When he reached the town’s marketplace, he had recovered his equanimity. There was a shop with some pastries for sale, and he could see that it had been all but cleaned out already. The patissier was running about seeking fresh supplies to bake more for his regular customers, and Jean thought he might wait awhile to buy something himself. Leaning against the doorway, he watched the people gathering.
The richness of the clothing and uniforms was quite shocking here in this little town. There were some merchants who might own some moderate garments, he thought, but nothing in comparison to all this magnificence. Velvets, scarlets, silks, fine woollens, the softest pigskin gloves — these people had everything a man could hope to acquire. And they wore it with such élan, too. As the men sprang on to their great horses, they looked as elegant as kings in their own right. And then he saw the Queen.

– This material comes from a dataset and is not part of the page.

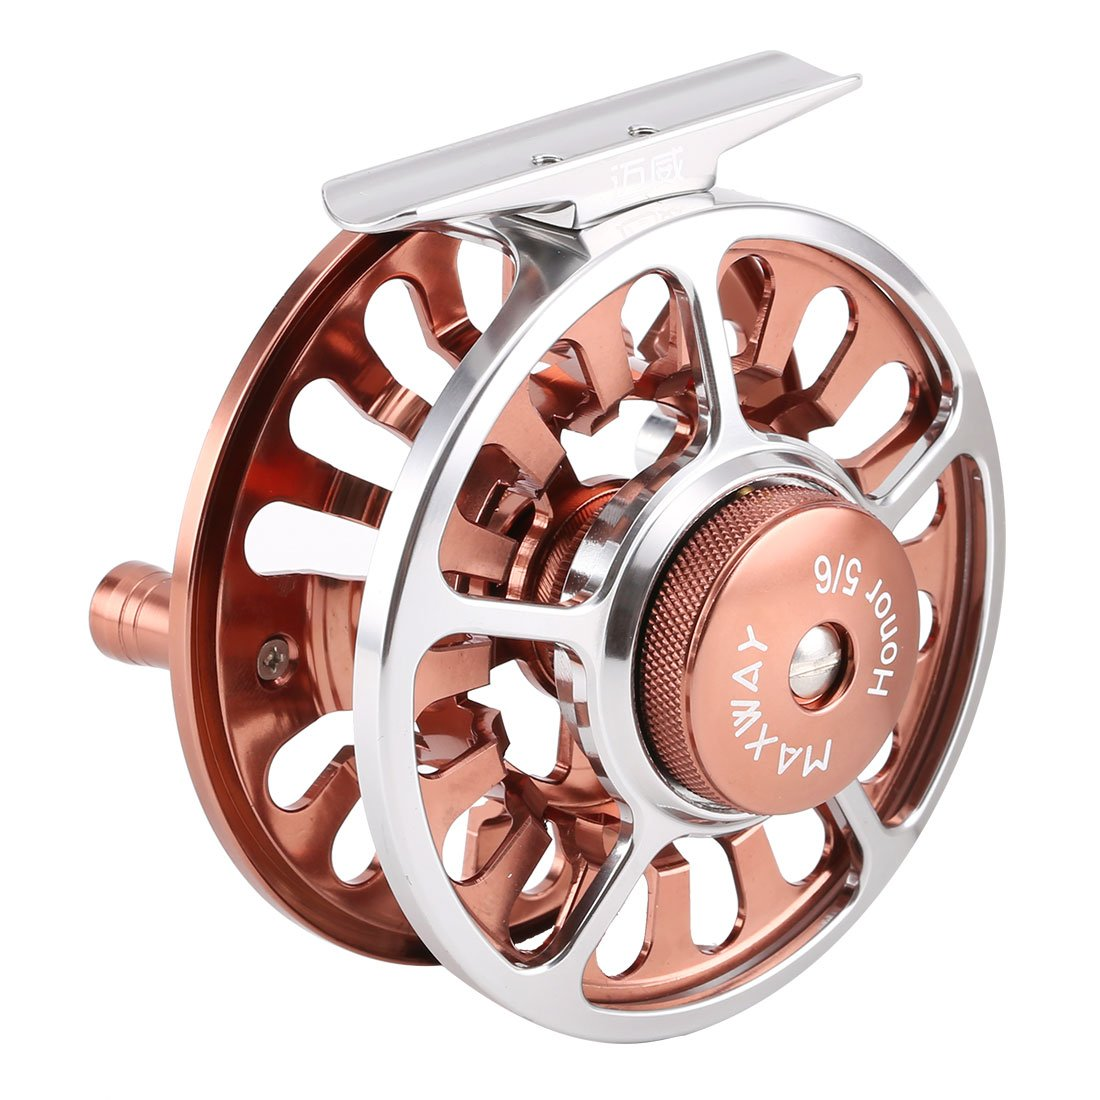 SeaKnight MAXWAY Honor Fly Reels Super Light 3BB Fly Fishing Reels CNC machined Aluminum Alloy Body Fishing Reel

Such beauty was blinding, he thought. A woman of some thirty years, with fine, fair hair gleaming under her headdress, seated on a horse rather than in a wagon, wearing a long cloak trimmed with ermine, she looked almost heavenly. Jean had to pull his eyes away with an effort. She was so magnificent, it almost seemed a crime to watch her, him clad in filthy leather and linen, as though he could pollute her with his glance.
‘Christ’s pains!’
He carefully sidled back into the shop’s doorway, wary and anxious at the sight of the two men standing at the opposite side of the square: le Vieux and Arnaud! They must have followed him somehow, and now they were here with this party. He must escape them again!
Thursday before the Feast of the Annunciation of Our Lady 16
Pontoise
To Simon’s eye, the buildings were growing wealthier and more splendid with every day. The last night they had spent in a little town called Beauvais, and he had been struck by the richness of all the people living there. Admittedly, everyone would have been made aware that the English queen was on her way by the arrival of the heralds sent ahead to book rooms and food, and they would have decked themselves out in their best clothing in honour of the sister of their king, but even so, looking about him now in this little town, he was almost shocked by the displays of wealth on every side. It was so blatant and unashamed. Much, he had to remind himself, like London. Except cleaner.
This place was only a few miles from Paris, he had learned. Baldwin had described the journey which they were to take before they left England, but he had hardly listened to much of it. At the time he had been concentrating on the appalling thought of climbing on to a ship again. He had seen enough of ships for his life, so far as he was concerned.
The town was pretty, though, built on the banks of the River Oise, with the steeple of the cathedral towering high overhead. There were plenty of trees and orchards, he saw, as they approached the great bridge over the river.
‘We should go to the cathedral and give thanks for arriving here in one piece,’ he muttered.
‘An excellent idea,’ Baldwin said, ‘except I rather think we’ll be expected to carry on to the castle.’
‘Why?’
‘I thought you knew already — the Queen is to be introduced to her latest sister-in-law.’
That explained all the flowers and decorations, then. Simon frowned a little. ‘She had several brothers, didn’t she?’
‘Yes, but her siblings appear to be short-lived. Her father died eleven years ago, cursed to death by the honourable Grand Master of my Order.’
Simon had heard of the Grand Master de Molay’s curse. As he burned, in agony, he called on the King to join him before the throne of God to answer for his crimes in destroying the Order of the Temple, and the King had died within the year, as had the Pope. ‘What of the others?’
‘Her oldest two brothers both died soon after taking the throne. The first, Louis X, survived only two years. Then there was poor John, his son, who lived five days after becoming king, and the throne passed to Philip V, but he died three years ago, so he was only on the throne for six years. Now we have Charles IV.’